In this study, we have presented normative values for D1, D2, and D3 as well as V1, V2, and V3. To the best of our knowledge, these values have not been reported in any previous studies. In addition, we found that SBTC is most often at C4 in women and C4/5 in men, IBTC is most often at C5 in women and men, and IBCC is most often at C6 in women and C6 or C6/7 in men in Chinese (Table 6). The results of our work are generally in good agreement with previous studies [1, 9, 11]. Contemporary anatomy texts indicate that the upper border of the thyroid cartilage is at C3/4 or C4 in the USA [11]. A more recent CT study of over 52 asymptomatic New Zealanders found that the vertebral level corresponding to the upper border of the thyroid cartilage was sexually dimorphic and was most often at C4 in women and C5 in men. The inferior border of the cricoid cartilage was also significantly different in women and men (C6 and C7, respectively) [9]. Additionally, we identified changes in these parameters with age, weight, height, and BMI (Table 5). We found that V1, V2, and V3 all increased with age. This may be due to the development and calcification of thyroid cartilage [12, 13]. However, it is curious that a higher BMI was correlated to an increase in D1, D2 and D3 but not correlated to V1, V2, and V3. We were also able to show that weight and height were correlated to increasing D1, D2, D3 and V1, V2, V3. This finding is not surprising given the increase in bone size with height and weight in the normal BMI range. However, the correlation coefficient between D1, D2, D3, and weight and height is higher than that between V1, V2, V3, and weight and height.
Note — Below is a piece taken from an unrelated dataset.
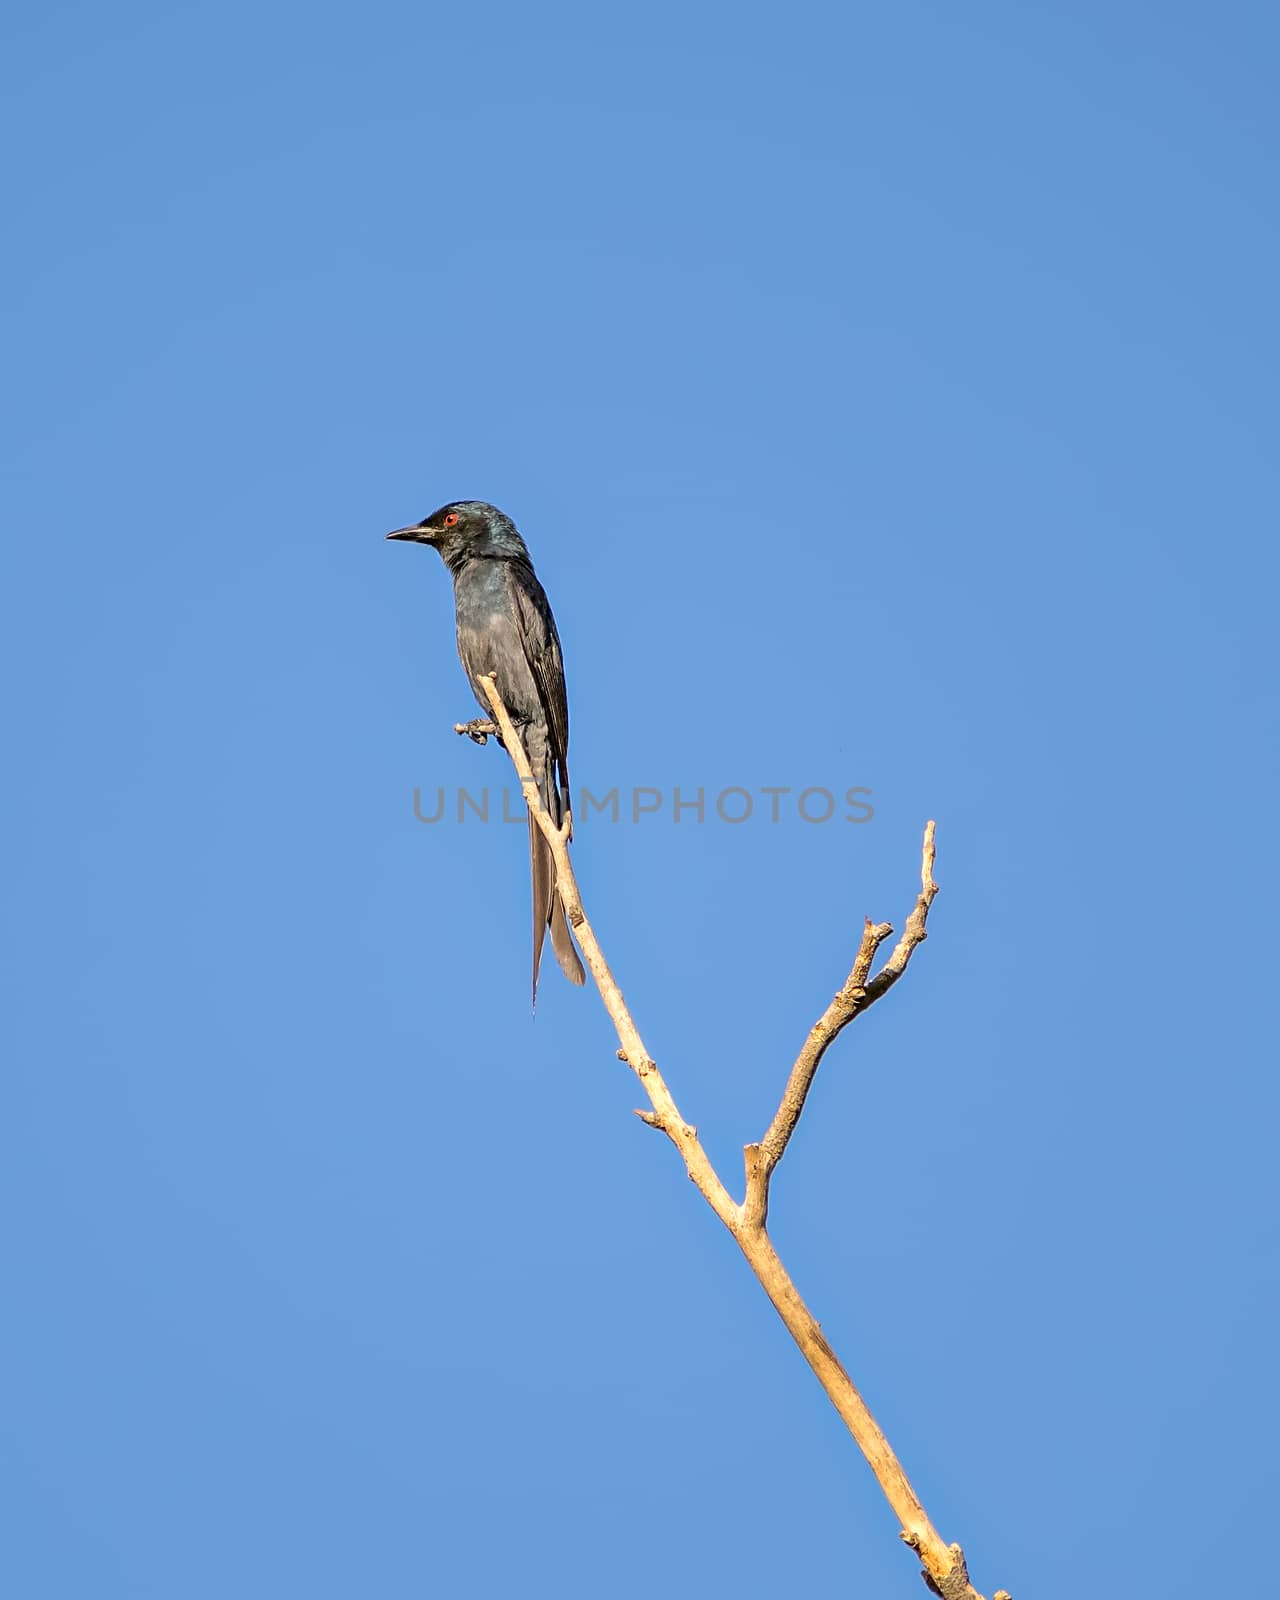 Grey bellied cuckoo(Cacomantis passerinus) sitting on a dry tree branch with clear blue sky background in Sunlight.
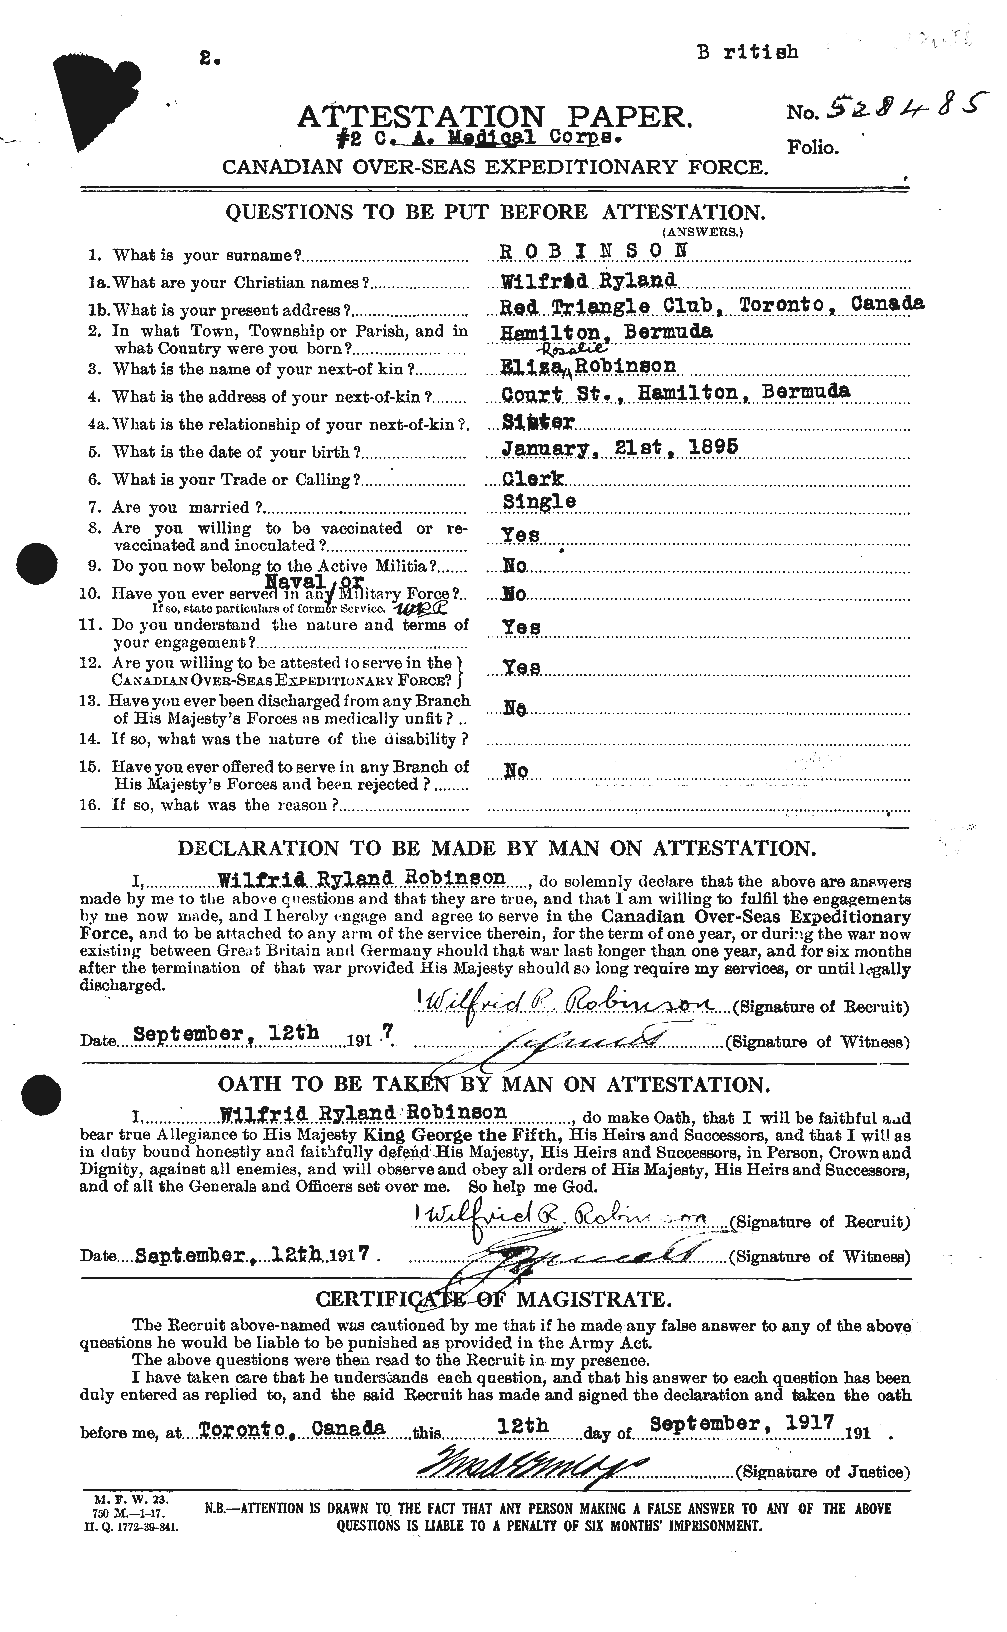 Personnel Records of the First World War - CEF 613937a

There is general agreement on the vertebral levels of key palpable landmarks in anterior cervical spine surgery. However, inaccurate preoperative skin positioning may lead to an enlarged intraoperative incision and range of exposure, resulting in an increase in both the operation time and tension of the intraoperative soft tissue traction [1]. Therefore, an appropriate skin incision can maximize the surgical field and avoid expanding the incision, which may otherwise affect the esthetics and increase the extent of the stripping, thus leading to an increased risk of postoperative anterior cervical hematoma and dysphagia due to elevated hemorrhage and continuous traction [3]. Kirschner wire and other fine metals are extensively used as a reference prior to skin cutting and decompression in anterior cervical approach surgery followed by C-arm perspective positioning. However, an acquaintance with the related anatomical positioning markers close to the cervical level contributes to a reduction in repeated perspective adjustments, thus saving a great deal of time and avoiding an increase in radiation exposure.

Preoperative positioning in anterior cervical approach surgery generally utilizes anatomical structures such as the angle of the mandible, hyoid bone, thyroid cartilage, cricoid cartilage, and carotid artery nodule [1, 6]. The mandibular angle is located at the interval between C2 and C3 [1], while the majority of cervical decompression surgeries are located below the C4 level [7]. Therefore, the angle of the mandible is not suitable, although the distance from it to the surgical level can be measured on preoperative X-ray films. The thyroid cartilage, however, is mostly located at the C4–C5 level according to the present study and is more or less fixed in front of the cervical vertebrae apart from when swallowing or intonation occurs. The cartilage does not easily move with body position but is easily accessible compared with the hyoid bone and carotid artery nodule. Additionally, the anatomical location of the thyroid cartilage angle is more obvious in men due to the presence of the Adam’s apple. Therefore, preoperative X-rays allow for the location of almost all anterior cervical approach surgical levels. Therefore, the corresponding surgical level can be judged rapidly based on the position of the SBTC, IBTC, and IBCC prior to skin cutting and decompression.

The thyroid cartilage or trachea and the posterior pharyngeal wall or esophagus in front of the surgical level should be pulled to one side during surgery. Therefore, a wide thyroid cartilage will often add to the difficulties incurred in exposing the surgical level. The thyroid cartilage is an important barrier in anterior cervical approach surgery. Chio et al. [4] discovered through intraoperative ultrasound positioning that the thyroid cartilage rarely rotated along with the traction of the retractor, while translation of the thyroid cartilage with the posterior pharyngoesophagus was common. The traction of the retractor should be increased when pulling a larger thyroid cartilage to sufficiently expose the surgical level. Nevertheless, increasing intraoperative traction may lead to cervical hematoma and soft tissue swelling. However, Han et al. [5] conducted a study in 2015 in which the tension of the retractor at the time of pulling and the pressure in the esophagus were measured. Moreover, it was verified that increasing the tension outside the thyroid cartilage would not increase the pressure in the esophagus. In contrast, translation of a larger thyroid cartilage with the posterior pharyngoesophagus can be seen at the time of traction, which can protect the PE wall [4].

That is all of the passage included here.